Uncle Acid & The Deadbeats - Wasteland - Albums - Reviews - Soundblab

Uncle Acid & The Deadbeats - Wasteland

by Tim Sentz Rating:7 Release Date:2018-10-12
Uncle Acid & The Deadbeats - Wasteland
Uncle Acid & The Deadbeats - Wasteland

Uncle Acid and his deadbeats sound like they were ripped directly from a 70s horror film soundtrack. Gothic, heavy metal-tinged, and fierce, the band has ripped through four albums in the last decade and filled each one from start to finish with grinding riffage. Back in 2015, The Night Creeper launched them to a larger platform in the psych-rock realm and took them all over the world while being mentioned in the same circles as Ty Segall, Thee Oh Sees, King Tuff, and Meatbodies. Their brand of psych-rock-meets-classic-metal has garnered fans of Black Sabbath, Electric Wizard, and even Alice Cooper.

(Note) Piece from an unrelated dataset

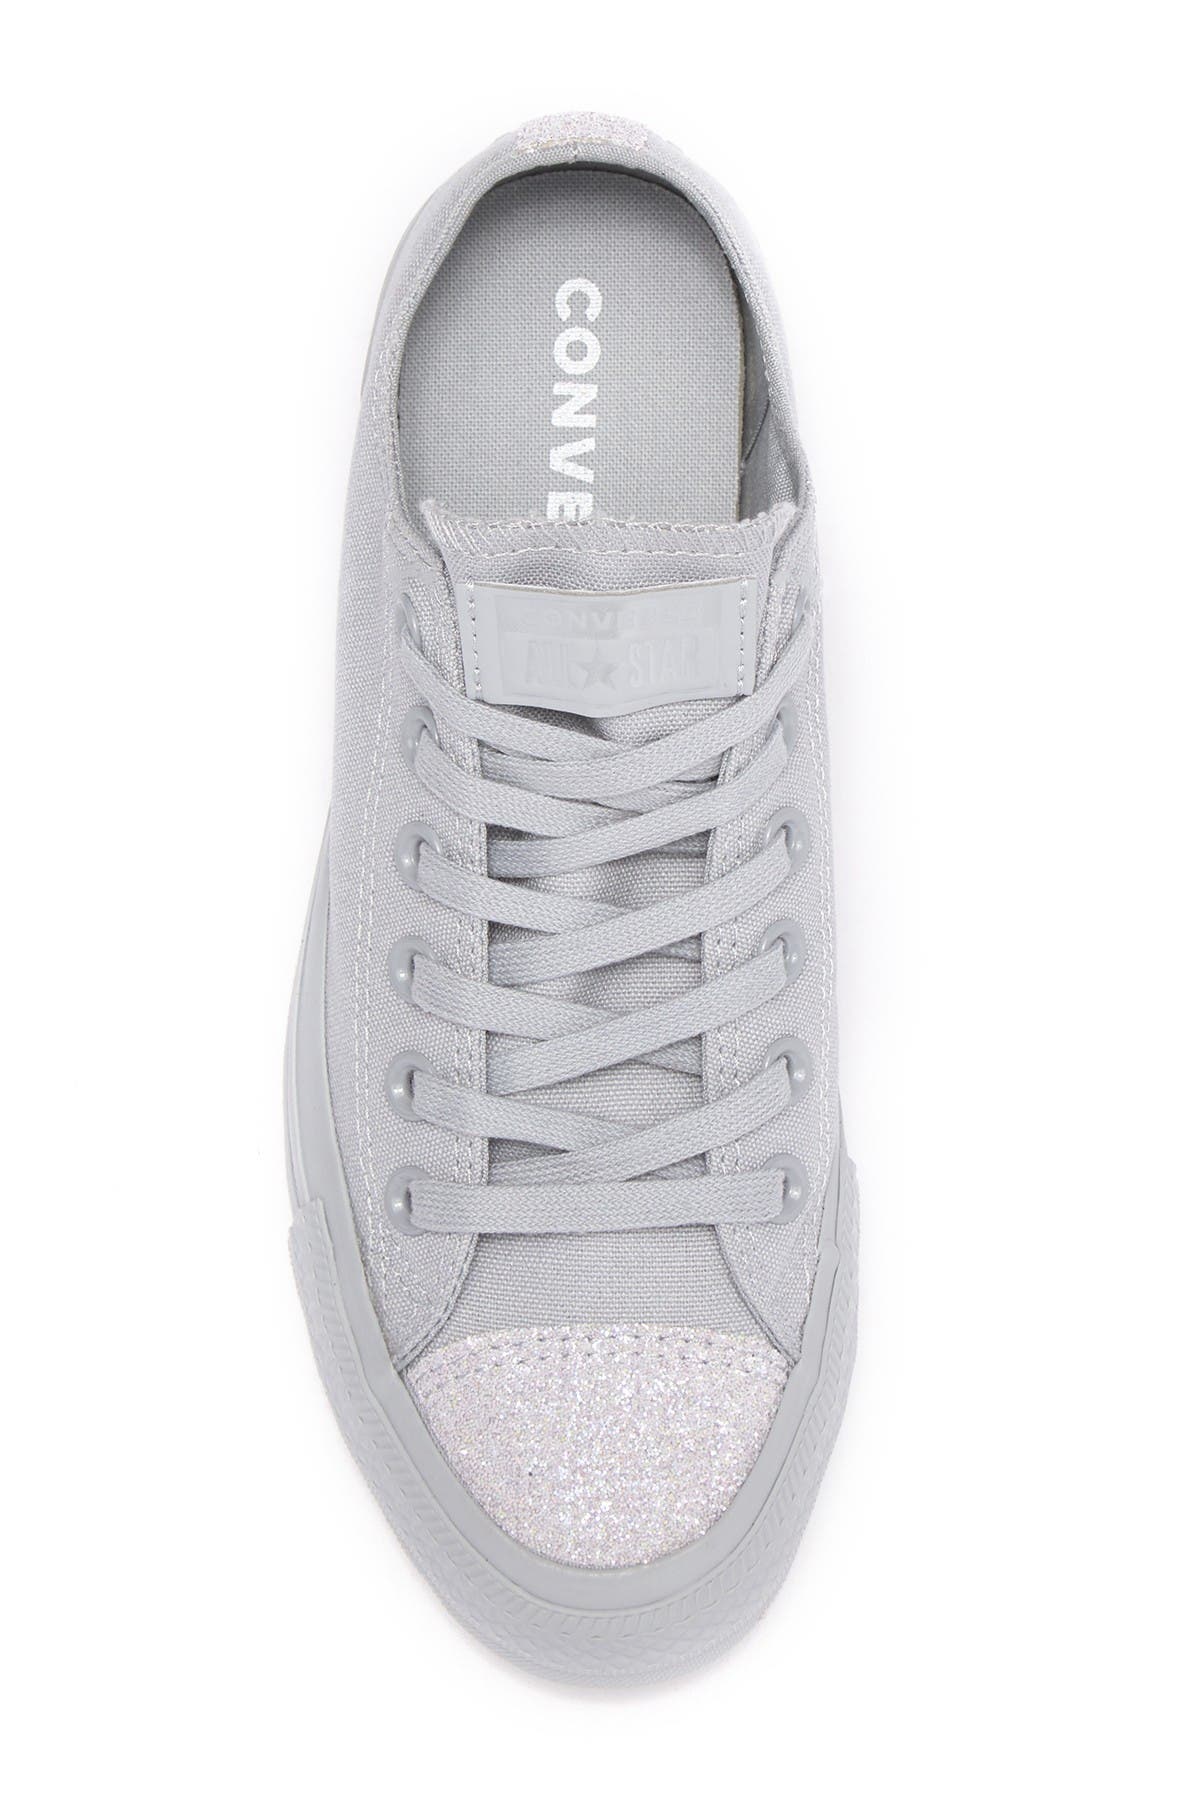 womens converse white all star glitter ox trainers

All of these references are really just a way to describe the product of Uncle Acid & the Deadbeats. They essentially sound like all of those aforementioned bands/influences, all rolled together, sparked, and inhaled. Stoner riffs, psych freakouts, they are poster children for this small, but thriving genre. Thing is, with Uncle Acid & the Deadbeats is that you hear one album/song, you’ve essentially heard them all. And if you’re a fan of the bands already mentioned, then it’s kind of typical to have this notion. Even the most revered icons like Ozzy Osbourne and Rob Halford knew they had to change up their sound if they were ever to maintain success.

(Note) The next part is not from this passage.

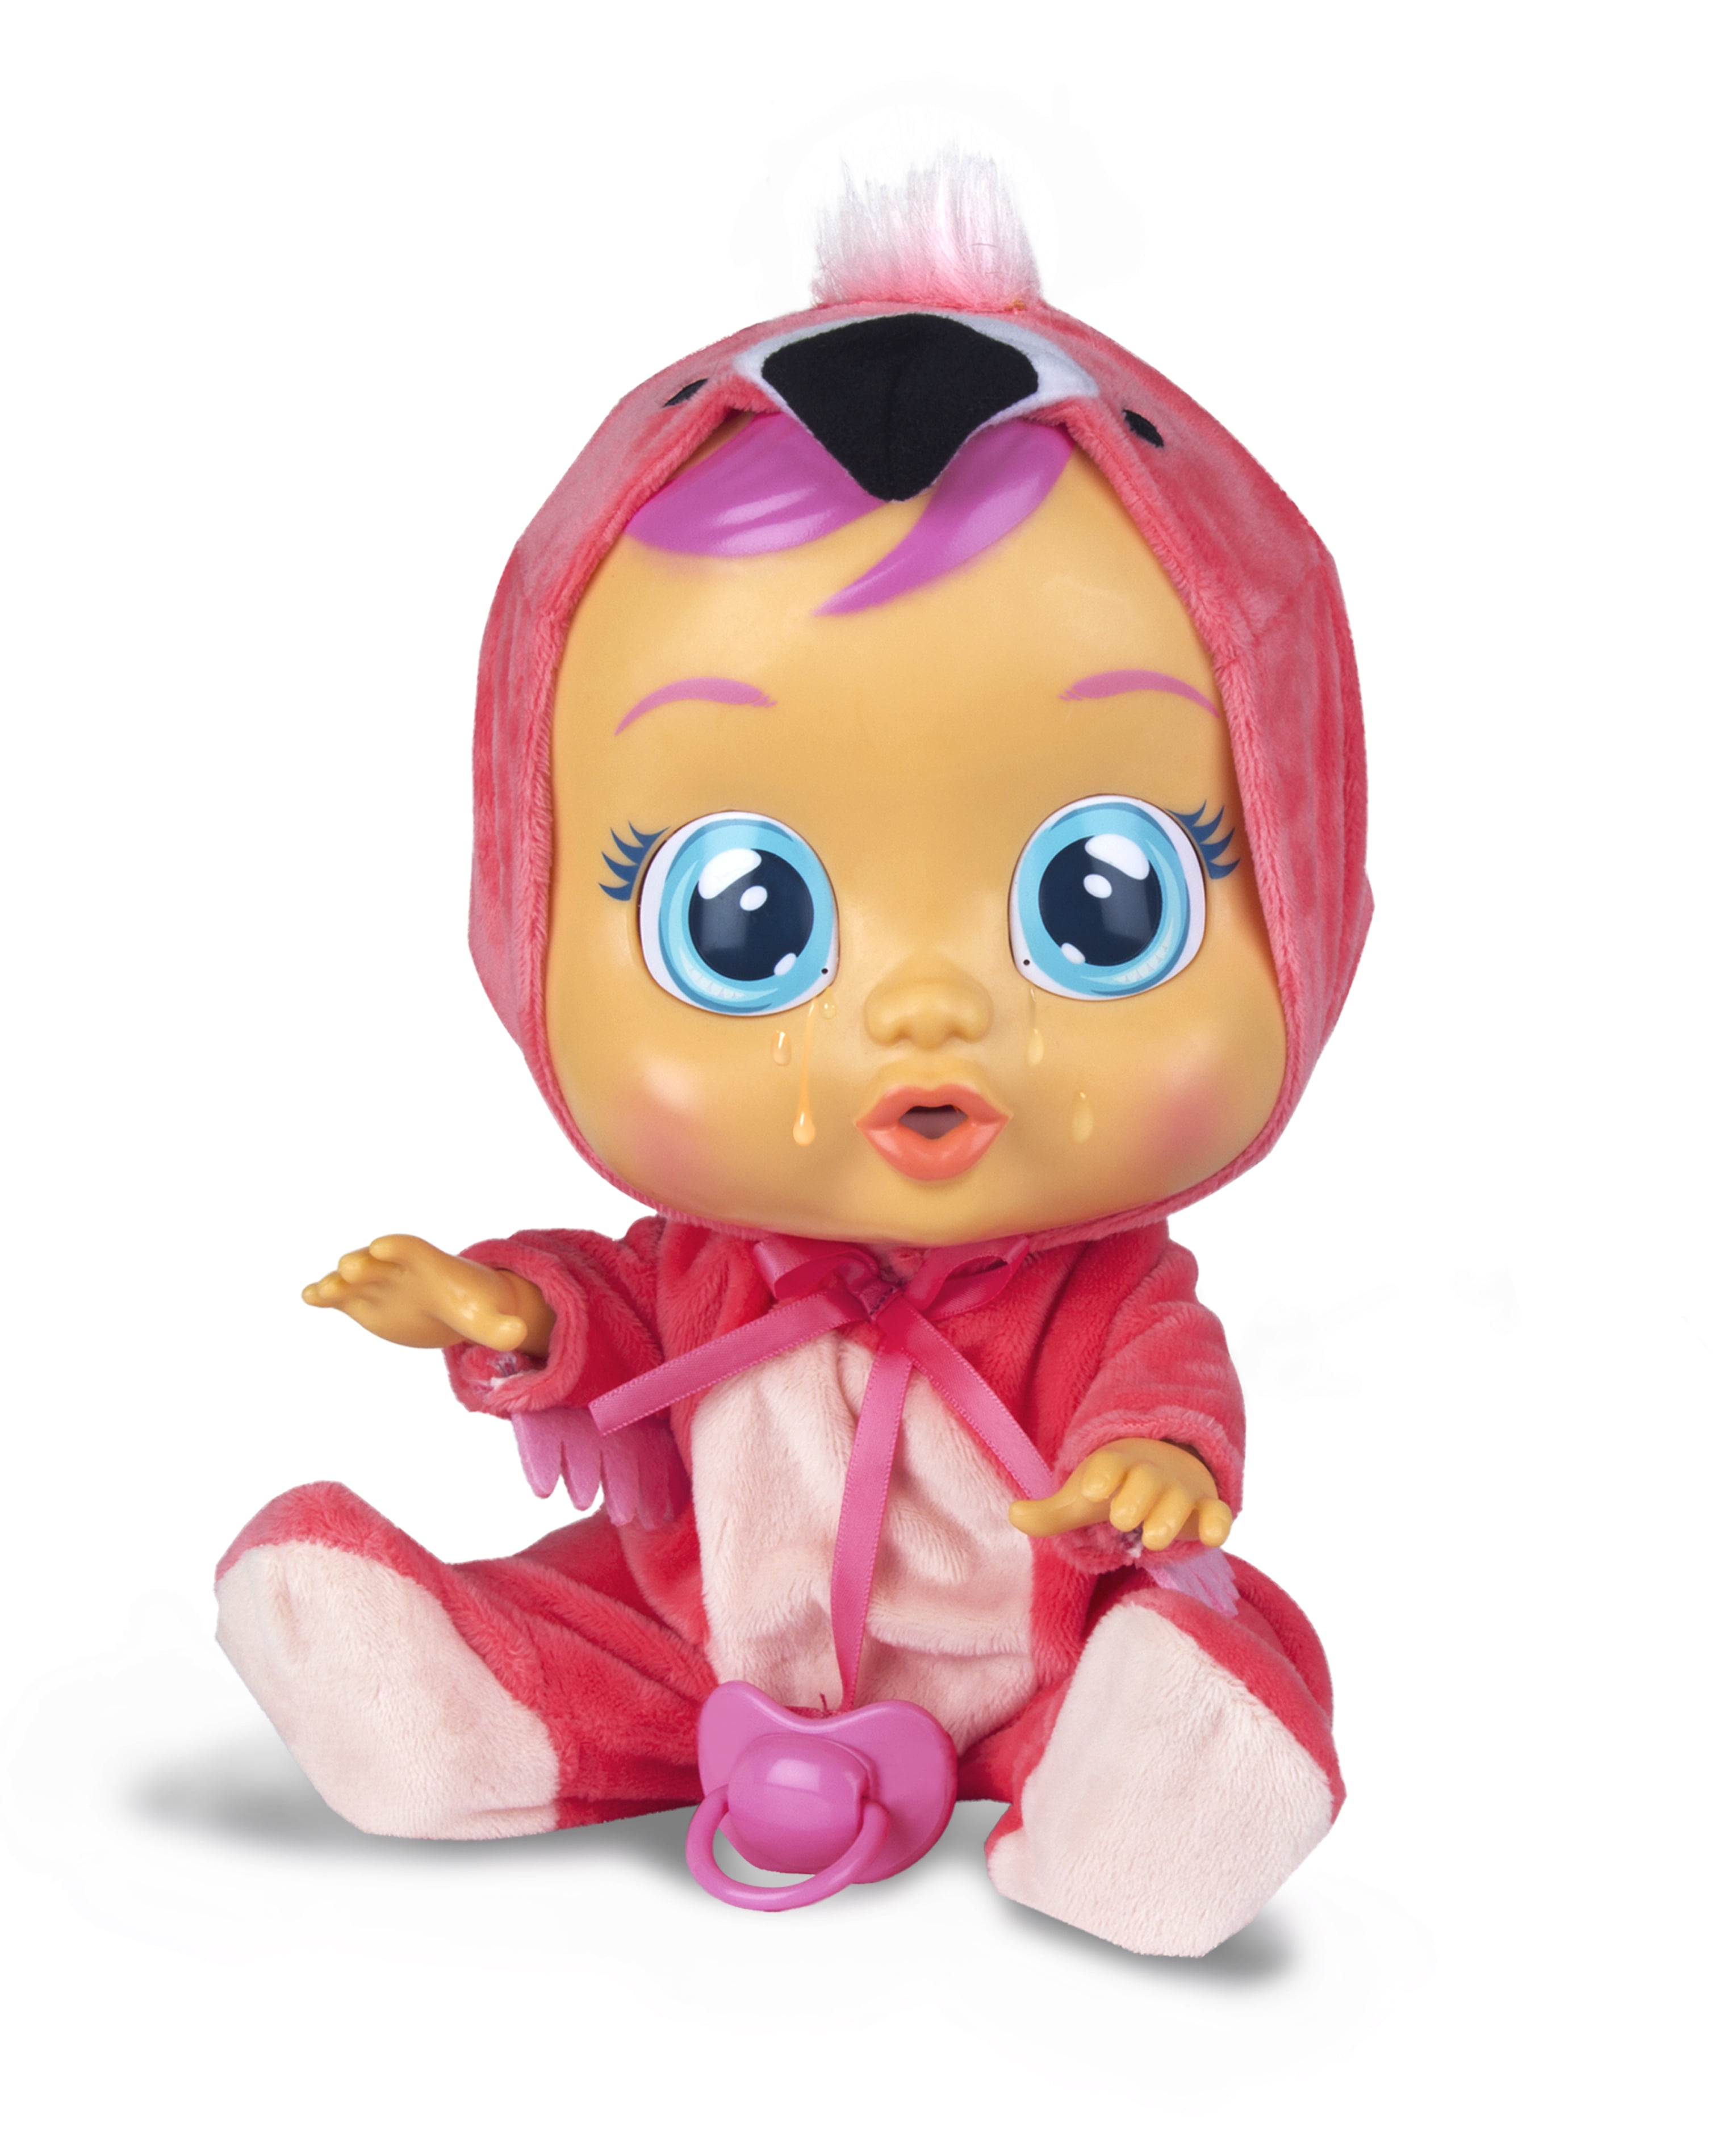 Cry Babies NARVIE Baby Doll Cries Real Tears Lights Up INTERACTIVE NEW

Wasteland isn’t even concerned with these issues. The gang makes a niche genre, and fans of the genre know it’ll be derivative of the last album, and the album before that, and so on. Wasteland opens like any other Acid record, though a bit of organ playing precludes the full arrival of “I See Through You,” it’s still the grand exclamation of psych(y) garage rock these guys are known for. Kevin R. Starr’s (aka Uncle Acid) handles all of the vocals, and his lyrical dynamics haven’t changed at all in the last decade. Production wise, Wasteland keeps things muddy, rough, and noisy, so Acid doesn’t need to really expand his vocal duties since they are almost entirely submerged in this sludgy sound.  “Shockwave City” keeps it all moving along at the break-neck speed – a runaway riff that molds the soundtrack of a Mad Max film to Acid’s shriek.

Everything about Wasteland lives up to the name. The record focuses on a wasteland and the traversing and pillaging that occurs with it. Even the bleakness shines through on their song titles “No Return,” “Blood Runner.” If you haven’t picked it up yet, this is one of those post-apocalyptic albums, and there might be a hint at deeper meaning, but Acid doesn’t dare take it that direction – he’s too restrained to wear any hearts on sleeves at this point in their career. And even though “No Return” stretches to 9 minutes, it doesn’t offer anything new to the genre, or to Uncle Acid.

It’s not so much a bad record, as it’s just a record. That’s it. Wasteland does little to expand the genre, and even though it’ll most definitely appeal to fans of the band and the genre, it will do nothing for those of us seeking just a tad bit more out of our music. A serviceable follow-up, but it’s often bland and uninteresting for those growing tired of this genre.